Skittles, refugees, and math: Does Donald Trump Jr.'s tweet add up?
A widely criticized tweet by Donald Trump Jr. uses Skittles to argue against settling Syrian refugees in the United States. How does his analogy compare to the real-world threat?
Screengrab from Twitter
Donald Trump Jr., a son of the Republican nominee for US president, posted a meme Monday on Twitter, likening Syrian refugees to a bowl of Skittles in which “just three would kill you.”
The tweet, which Mr. Trump posted with a call to “end the politically correct agenda,” asks rhetorically, “Would you take a handful?”
The message seems to align with the GOP candidate's, and his vice presidential running mate Indiana Gov. Mike Pence's, views about people displaced by the Syrian conflict, which has raged for more than five years now and spawned the worst refugee crisis since World War II. The vetting processes are inadequate to detect terrorists, so the United States should block all Syrian refugees in the interests of national security, they argue.
Trump's tweet drew heavy criticism online from those who said it dehumanized the victims of an ongoing crisis. Skittles parent company Wrigley Co. responded, "Skittles are candy. Refugees are people," as The Washington Post reported.
But how close does the implicit math in Trump's analogy come to reflecting the real-world threat?
Out of more than 3.2 million refugees admitted to the United States from 1975 through 2015, only 20 have been terrorists, according to a report released last week by The Cato Institute, a libertarian think tank that bills itself as “dedicated to the principles of individual liberty, limited government, free markets and peace.”
That's less than one-thousandth of a percent. Trump's three lethal Skittles would have to be mixed among about 480,000 others for his analogy to match the Cato report.
None of the 20 refugee terrorists identified in the report were involved in 9/11, and only three were successful in their attempts to kill.

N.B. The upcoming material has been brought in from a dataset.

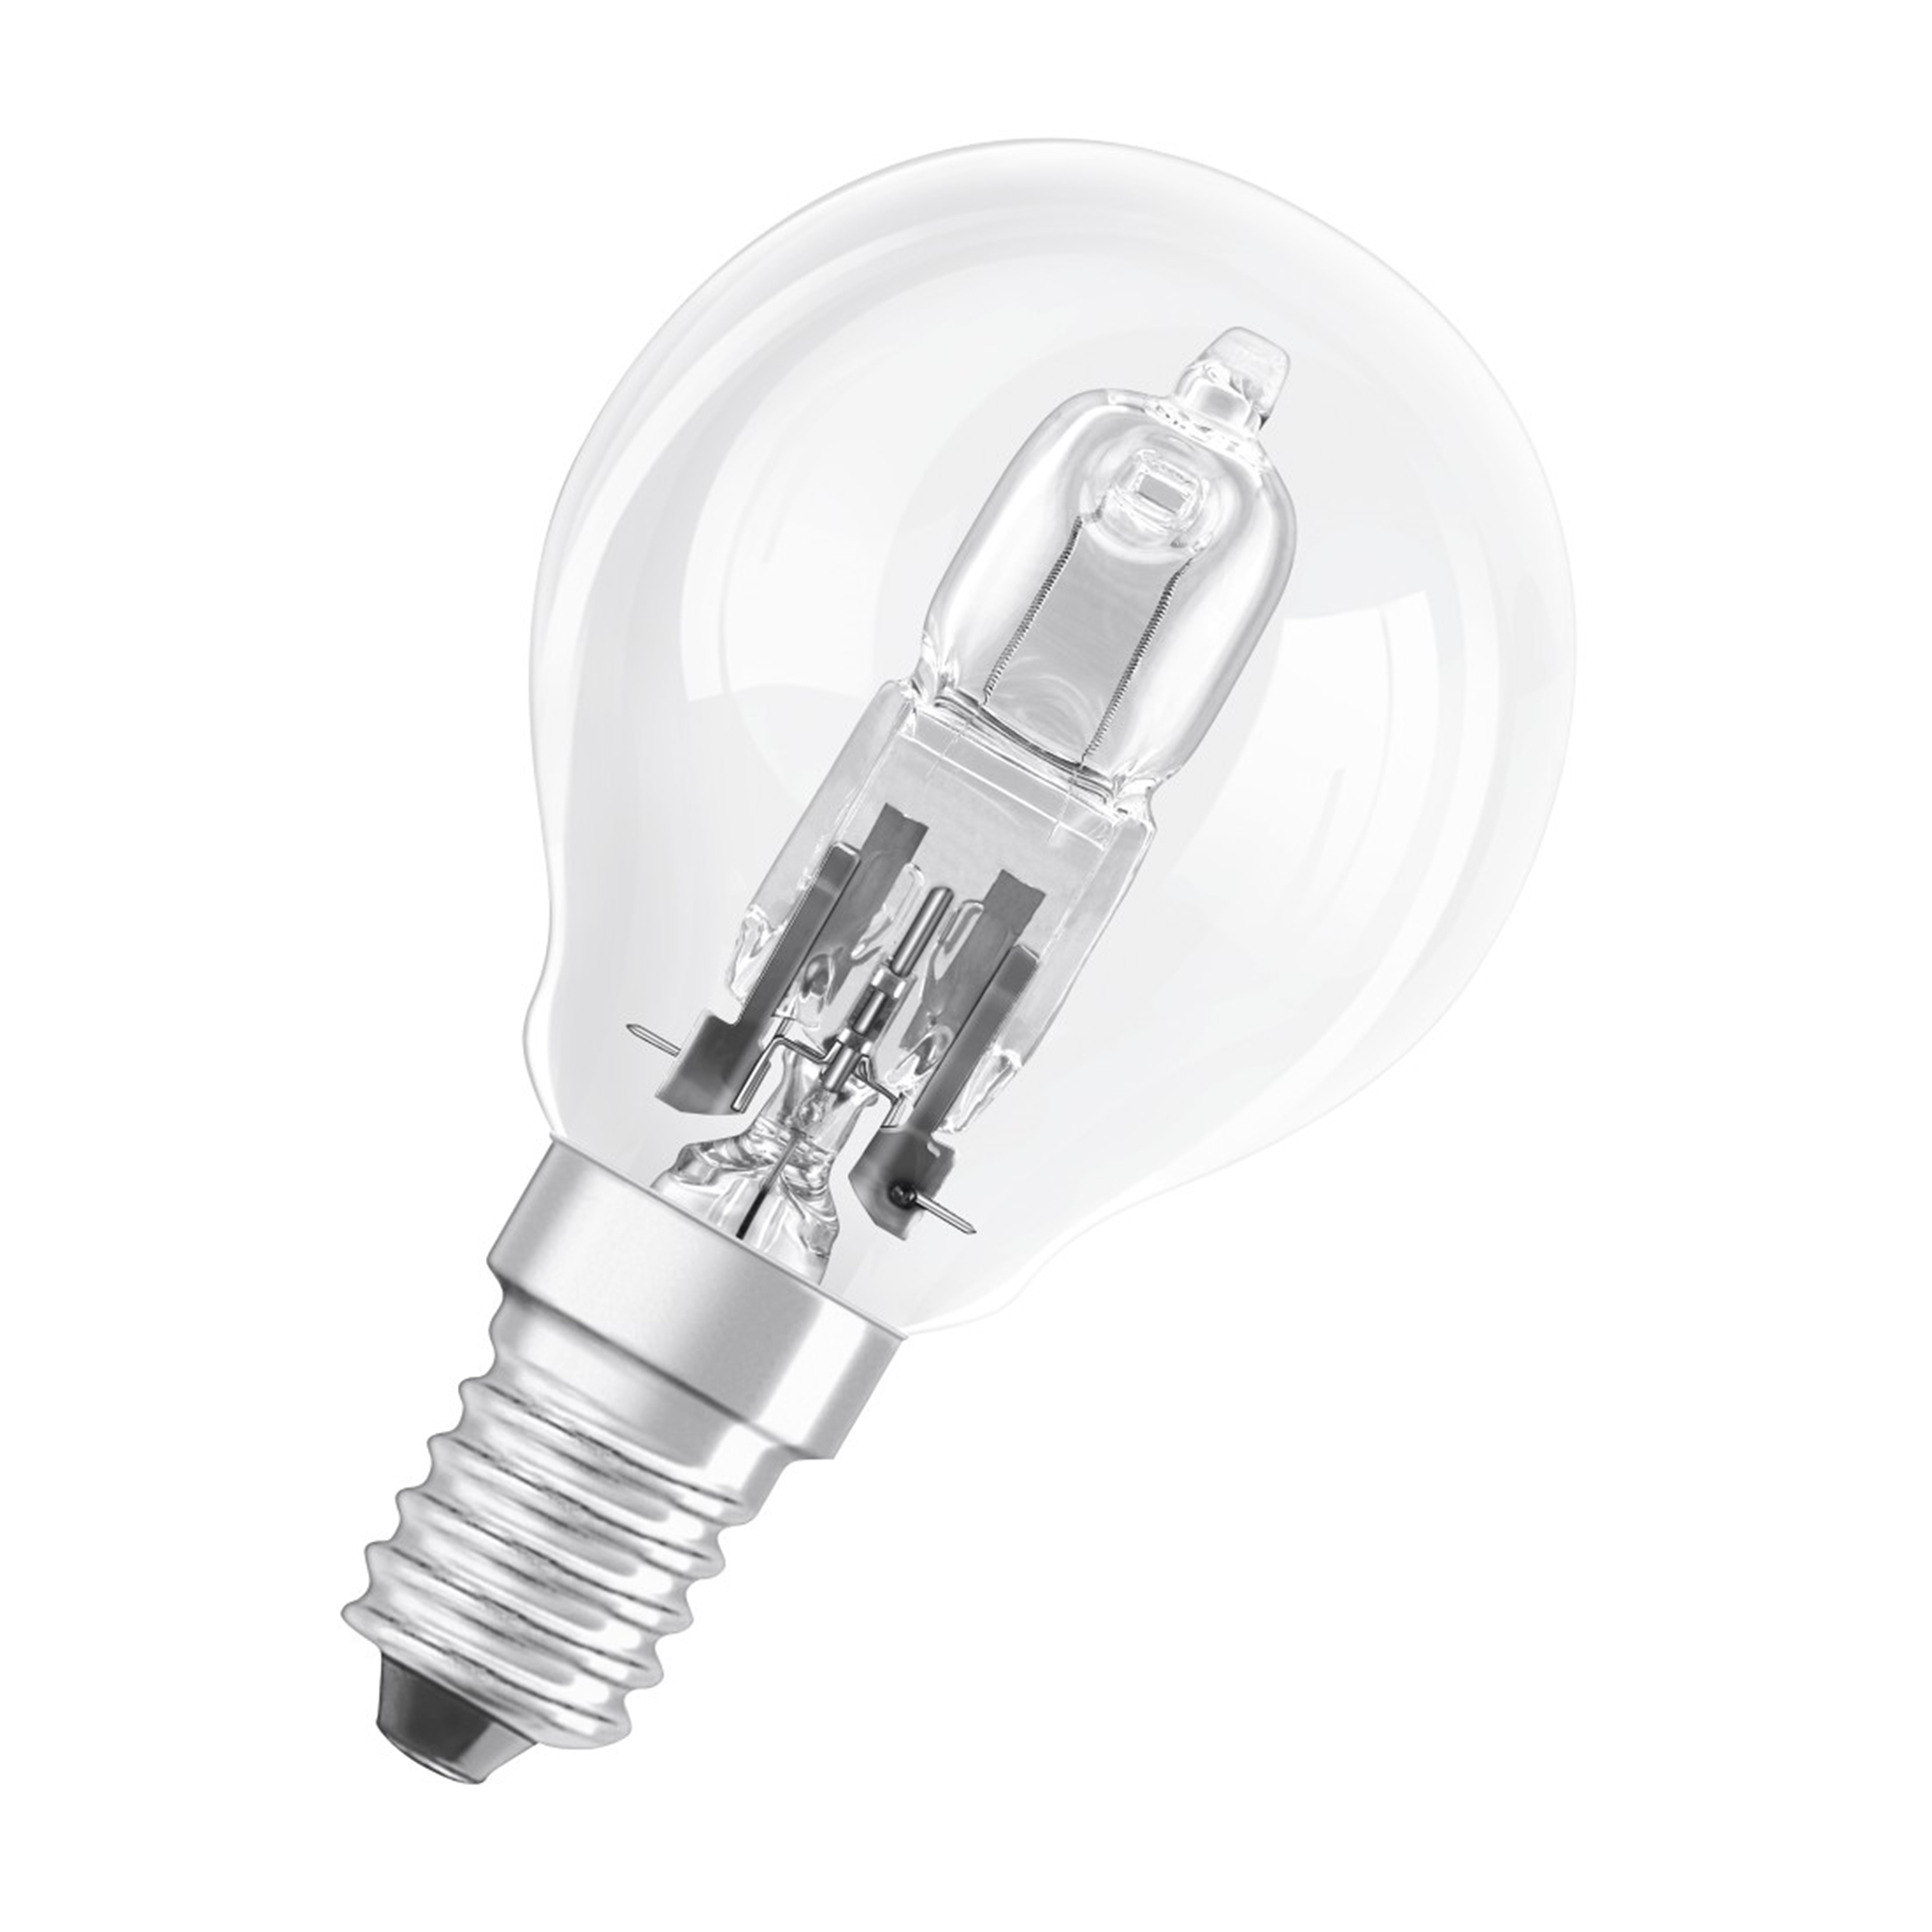 XAVAX E14, E14 20W Warmweiß LED-Lampe

“The three refugee terrorists were Cubans who committed their attacks in the 1970s and were admitted before the Refugee Act of 1980 created the modern rigorous refugee-screening procedures currently in place,” the report, written by immigration policy analyst Alex Nowrasteh, states.
Significantly more terrorists have been admitted to the United States either as lawful permanent residents or on tourist visas – 54 and 34, respectively – posing a legitimate risk, the Cato report states.
Such numbers could make a broad moratorium on immigration or tourism tempting, but imposing such a policy would do more harm than good, the report states.
“Foreign-born terrorism is a hazard to American life, liberty, and private property, but it is manageable given the huge economic benefits of immigration and the small costs of terrorism,” the report states. “The United States government should continue to devote resources to screening immigrants and foreigners for terrorism or other threats, but large policy changes like an immigration or tourist moratorium would impose far greater costs than benefits.”